# Sites en-route to Spain.



## sennen523 (May 6, 2006)

Hi Everyone and a Happy Christmas,
Does anyone know any "safe" stopovers or sites between the south of Zaragoza and Teruel. (Open in January) I hope to use the Pau, Huesca, Zaragoza, Valencia route.
Thanks,
Sennen523.


----------



## andyangyh (May 1, 2005)

There is the fairly uninspiring site at Olite - south of Zaragoza. Overpriced and, when we called in last year, with depressingly grimy facilities. Only problem is that there are next to no other sites open in that part of Spain so they have a monopoly. There is always a collection of Brits overnighting there and, like us, moaning about it! We often discuss with friends the possibility of buying some land in central Spain and catering for the Brits migrating south for the winter. Only thing stopping us is the depressing lack of funds!

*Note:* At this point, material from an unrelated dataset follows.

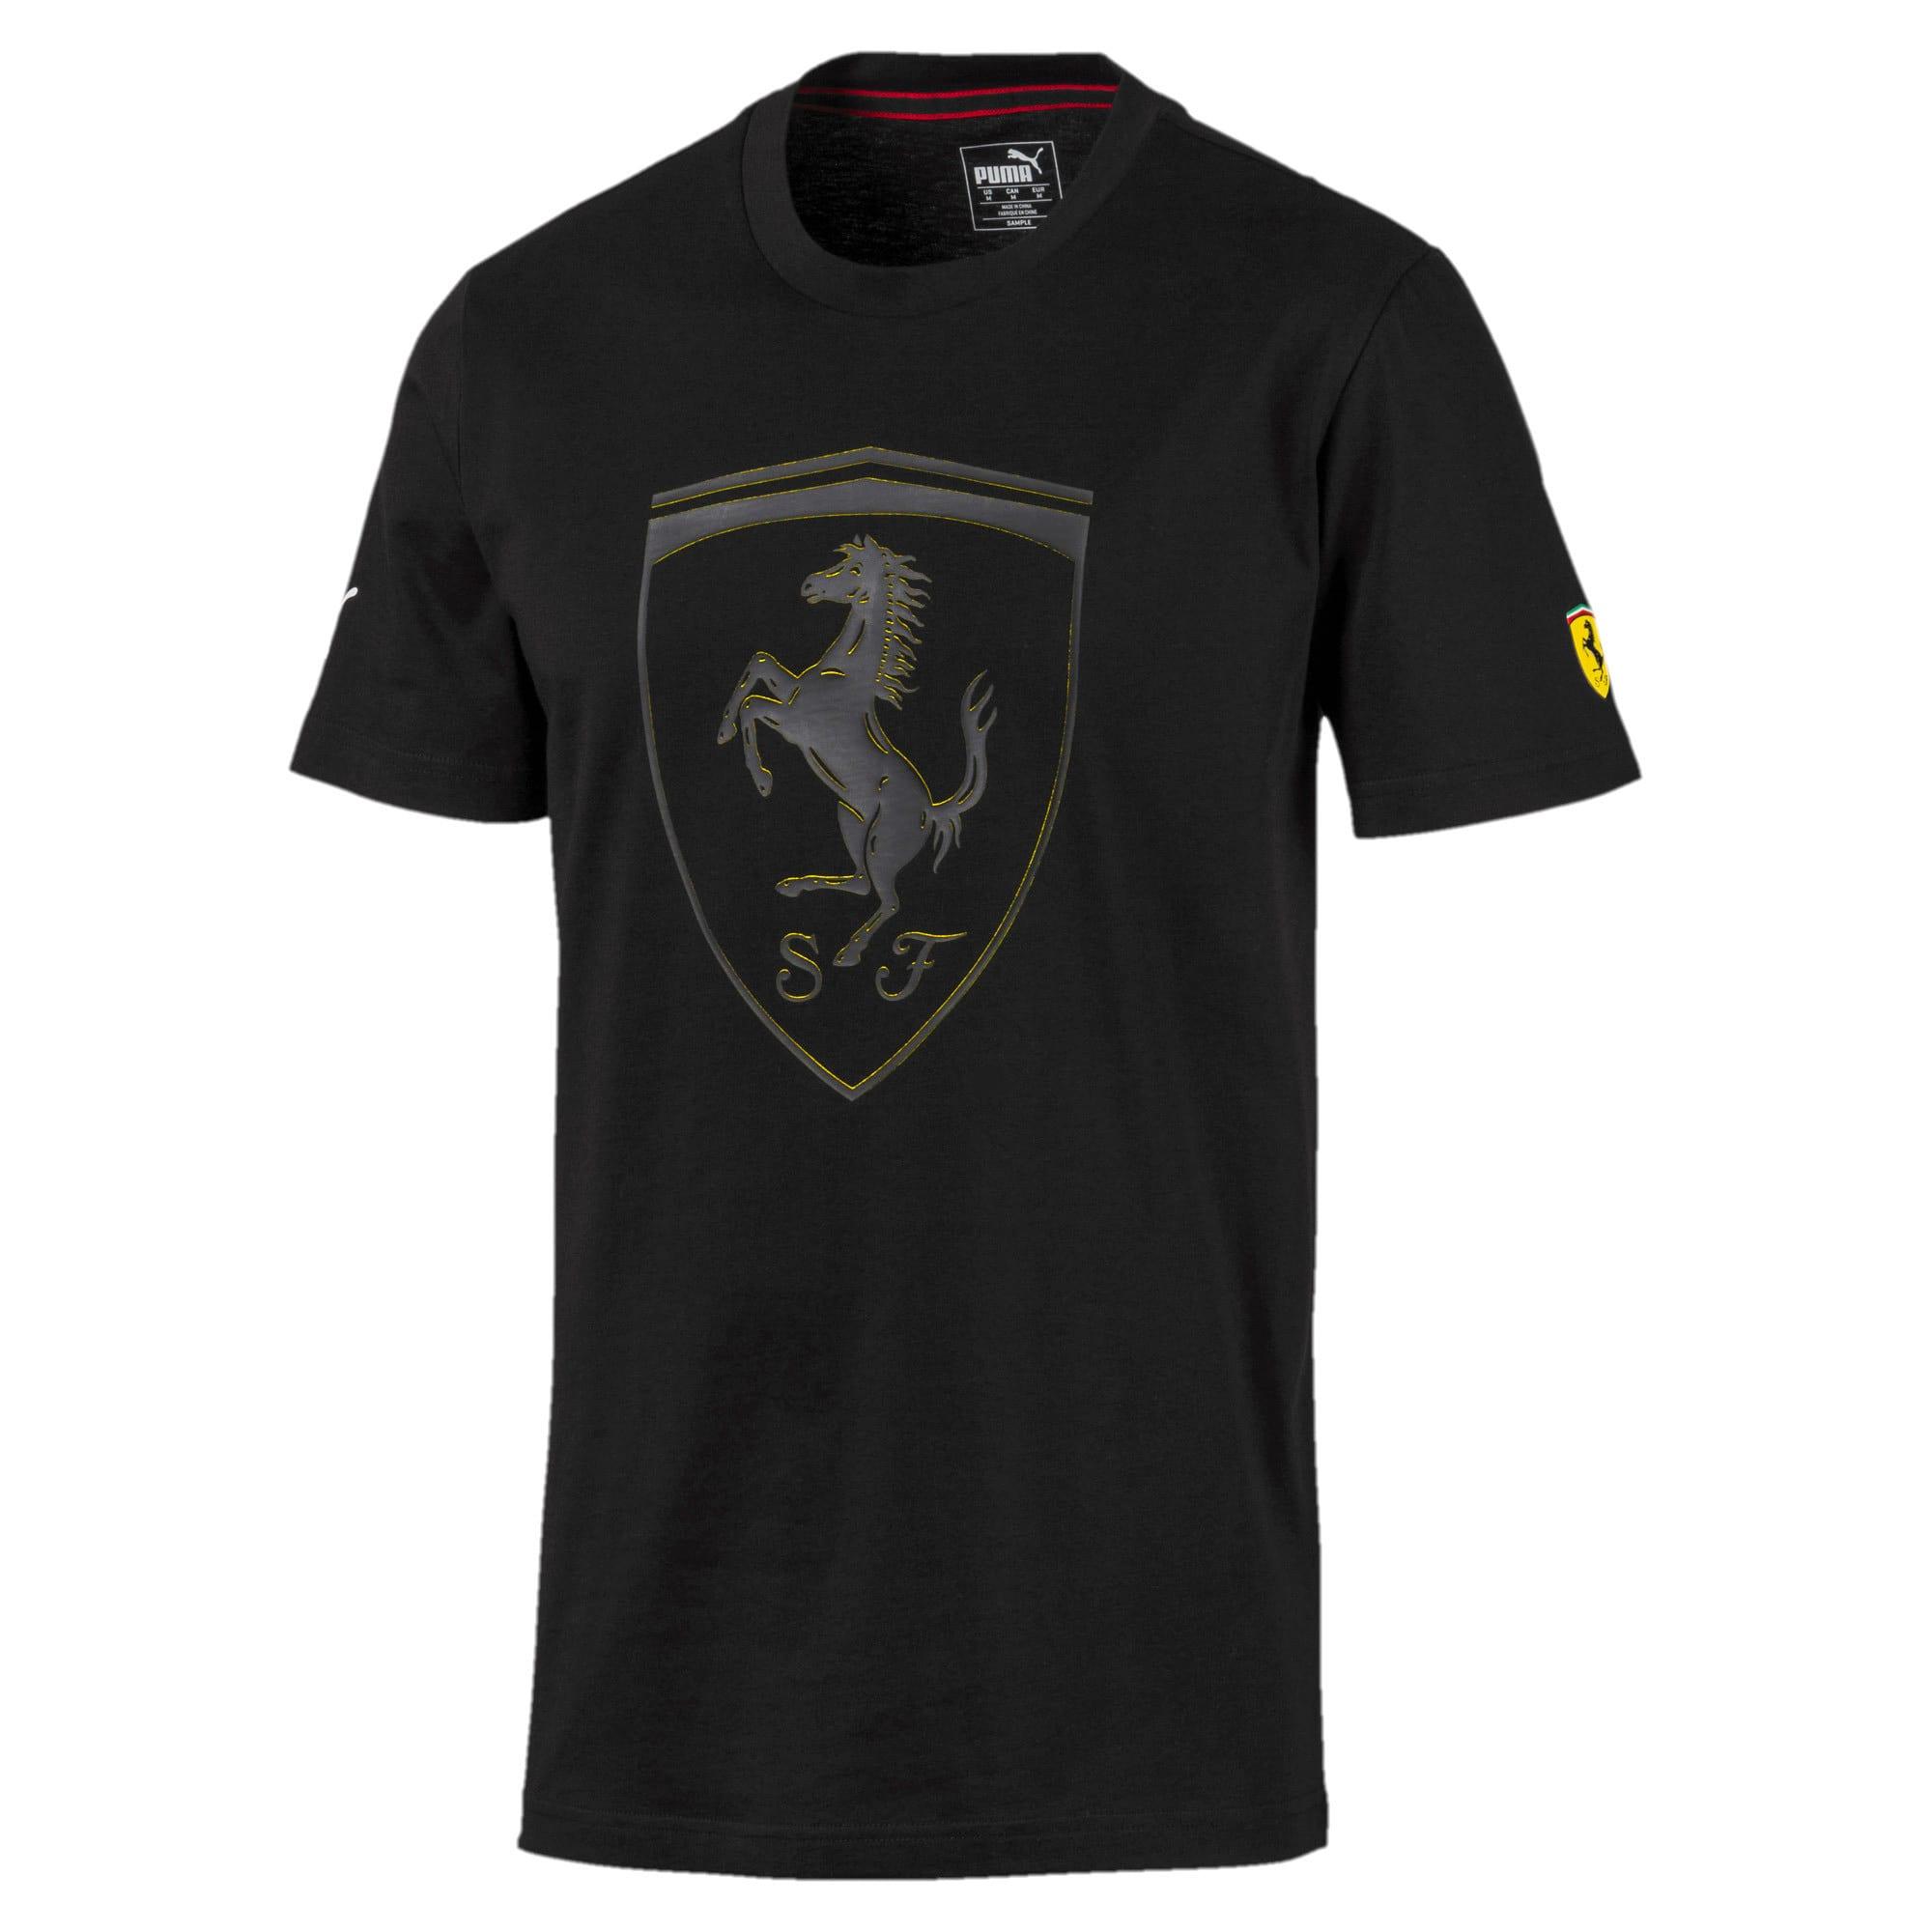 Thumbnail 4 of T-shirt Ferrari Big Shield uomo, Puma Black, medium

This year we aren't in a hurry so we'll be ambling down through France and turning right at Narbonne. Olite is usually our overnight Spanish stop on the way home.


----------



## 101405 (Oct 15, 2006)

*Spain -winter*

You might need snow chains for that route. if you dont want to use the burgos/madrid route . try the Toulouse *carcassonne narbonne down to cost brava . Almeria can then be done in about 10/12 hrs good driving. worried about stopping . just avoid autoroute services and if any clown asks you for directions get back in your van quick . unless he got in before you?
No its ok! just avoid areas like Alicante for stopping, and you dont get stopped in Spain by cops in civivys, Unless you big time crook? (french autoroutes are the worst*) enjoy your trip


----------